Affect inertia was analyzed using multilevel autoregressive models in which affect predicted affectt+1. The lagged level 1 predictor (affectt) was within-person centered for inertia analyses to allow for an interpretation of within-person effects (Hamaker and Grasman, 2014), and the autoregressive relationship was modeled as a random slope to represent individual differences in inertia. Inertia models controlled for the linear effect of time because previous studies have reported linear time trends in ESM data (e.g., Koval et al., 2015a). To determine if inertia was moderated by any of the MDD risk factors, we estimated separate models for each risk factor and for PA and NA, each of which included a cross-level interaction between the level 1 autoregressive slope and the level 2 risk factor. As a result, the level 1 intercept reflected each person’s mean level of PA or NA across all observations. Between-day (i.e., overnight) lags were excluded from computations of instability and inertia by setting the first affect ratings of the day to missing when the last ESM survey on the preceding day was non-missing.
All models were estimated via maximum likelihood, and semi-partial R2 for fixed effects were calculated using Nakagawa and Schielzeth (2013) guidelines. Analyses were performed in R (R Core Team, 2019) using the lme4 (Bates et al., 2015) and lmerTest (Kuznetsova et al., 2017) packages.
Results
Preliminary Analyses
Similar to previous studies (Funkhouser et al., 2019; Weinberg and Shankman, 2017), ERPs to feedback in the Doors Task differed as a function of condition, F(2, 114)=44.94, p<.001, R2=.12, such that mean amplitudes were significantly greater following monetary gain relative to both loss, t(114)=4.18, p<.001, semi-partial R2=.03, and neutral feedback, t(114)=9.46, p<.001, semi-partial R2=.12. Amplitudes were more positive following monetary loss than neutral feedback, t(114) = 5.28, p < .001, semi-partial R2=.04.
Depression Risk Factors and ESM
Correlations between continuous study variables are presented in Figure 3. The three MDD risk factors were not associated with each other (ps>.05). Participants reported an average IDAS General Depression score of 32.92 (SD=8.86), which corresponds to the 44th percentile in a national norming sample (Nelson et al., 2018).

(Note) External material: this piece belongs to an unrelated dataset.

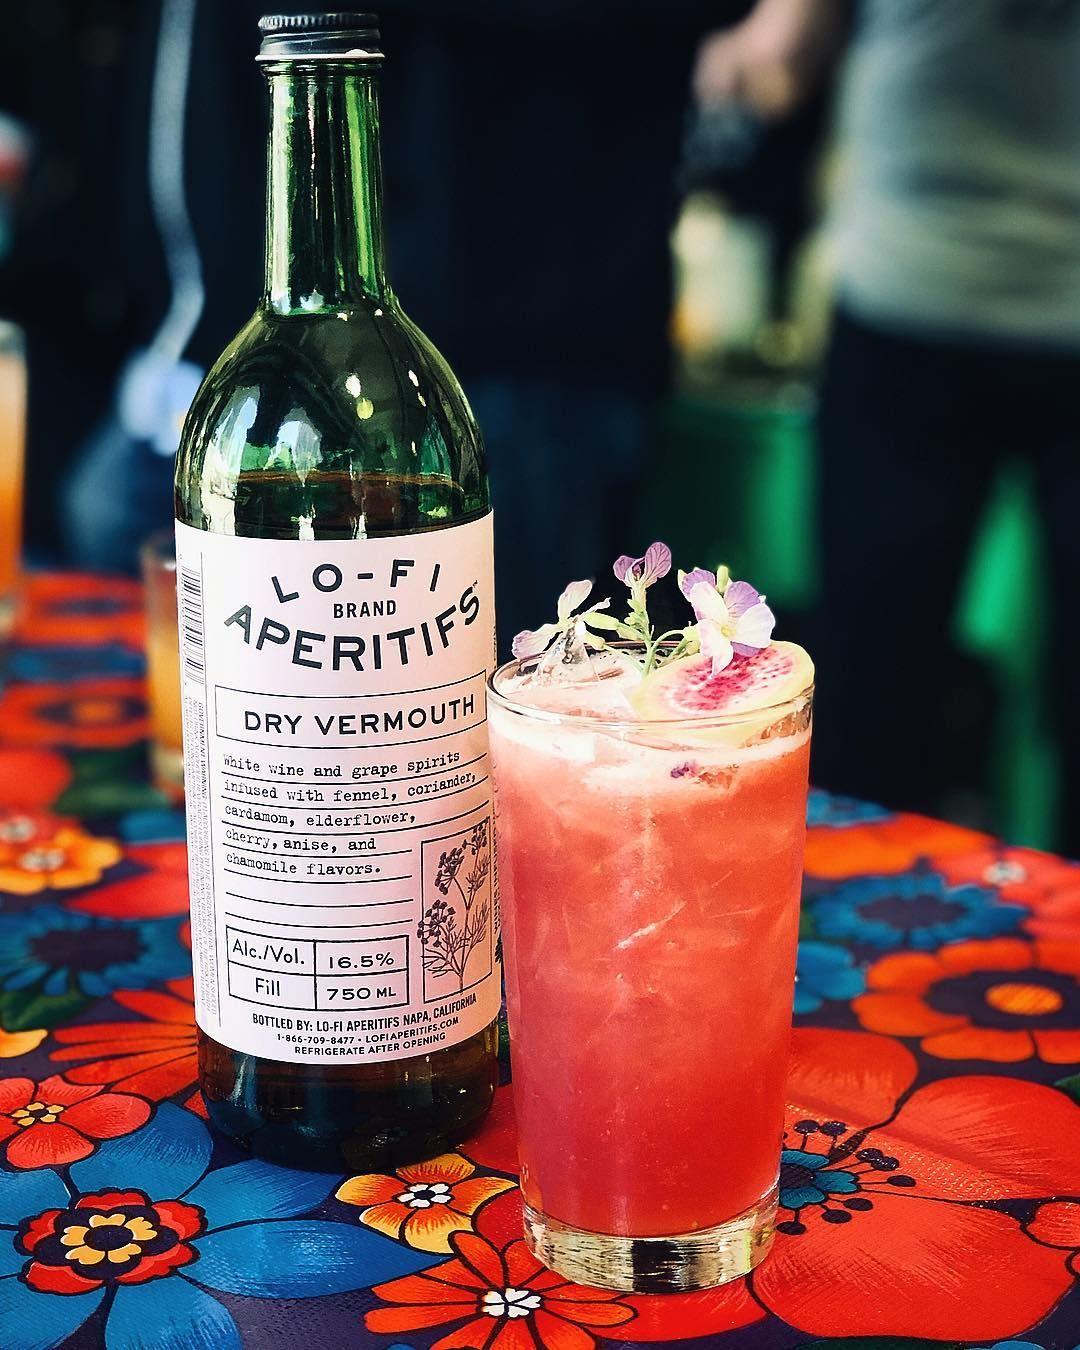 Pin By Lo Fi Aperitifs On Lo Fi Dry Vermouth Grape Spirit Flavors Aperitif

Depression severity was greater in individuals with a history of MDD (M=37.40, SD=9.44) compared to healthy controls (M=28.28, SD=5.14), t(45.12)=4.63, p<.001, d=1.22, but did not differ between participants with and without a family history of MDD, t(40.75)=1.39, p=.173, d=.39, and was unrelated to the RewP, r=−.12, t(57)=.91, p=.367. ESM compliance was unrelated to any of the depression risk factors or current depressive symptom severity (ps>.05). Multilevel models indicated that, with the exception of a significant negative association between the number of completed surveys and PA instability, β=−.10, t(53.06)=2.51, p=.015, semi-partial R2=.01, neither ESM compliance nor current depressive symptom severity were significantly related to mean, instability, or inertia of PA or NA (ps>.05). Consistent with theoretical accounts of PA and NA as relatively orthogonal (e.g., Watson et al., 1988), PA and NA were unrelated within individuals (p > .05).

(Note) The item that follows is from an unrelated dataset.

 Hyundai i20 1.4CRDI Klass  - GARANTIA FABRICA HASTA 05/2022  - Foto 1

Results of multilevel models predicting mean, instability, or inertia of PA or NA while covarying for current depression symptom severity are summarized in Table 2. MDD history was significantly related to mean NA, β=.42, t(59.86)=2.48, p=.016, semi-partial R2=.03, as individuals with a history of MDD had higher mean levels of NA than healthy controls. This effect remained significant in a model that included the other two risk factors as additional predictors, β=.40, t(56.92)=2.42, p=.019, semi-partial R2=.03. To test whether this effect was specific to (or stronger for) NA, we tested whether affect valence (PA versus NA) moderated the relationship between MDD history and momentary affect while controlling for depressive symptom severity and the other two depression risk factors. Affect valence significantly moderated this relationship, β=.61, t(5356.71)=15.46, p<.001, semi-partial R2=.03, such that MDD history was more strongly related to mean levels of NA than PA. No risk factors were significantly associated with mean PA.
Table 2.
Positive Affect | Negative Affect | |||||
---|---|---|---|---|---|---|
Risk Factor | Mean | Instability | Inertia | Mean | Instability | Inertia |
MDD History | −.13 [−.49, .26] | .01 [−.15, .17] | −.01 [−.16, .11] | .42* [.05, .41] | −.12 [−.22, .02] | .08 [−.07, .27] |
MDD Family History | .31 [−.07, .59] | −.01 [−.15, .14] | .10* [.03, .27] | −.07 [−.21, .13] | −.02 [−.11, .08] | −.10 [−.29, .06] |
Reward Positivity | −.01 [−.18, .16] | .00 [−.07, .07] | .02 [−.03, .11] | −.13 [−.15, .01] | −.01 [−.05, .04] | −.08* [−.20, .00] |
Note.
p < .05.
Coefficients are presented as standardized betas. Brackets contain 95% confidence intervals. All models covary for current depressive symptoms as measured by the IDAS General Depression scale. Significant effects (p < .05) are bolded.
MDD = Major Depressive Disorder.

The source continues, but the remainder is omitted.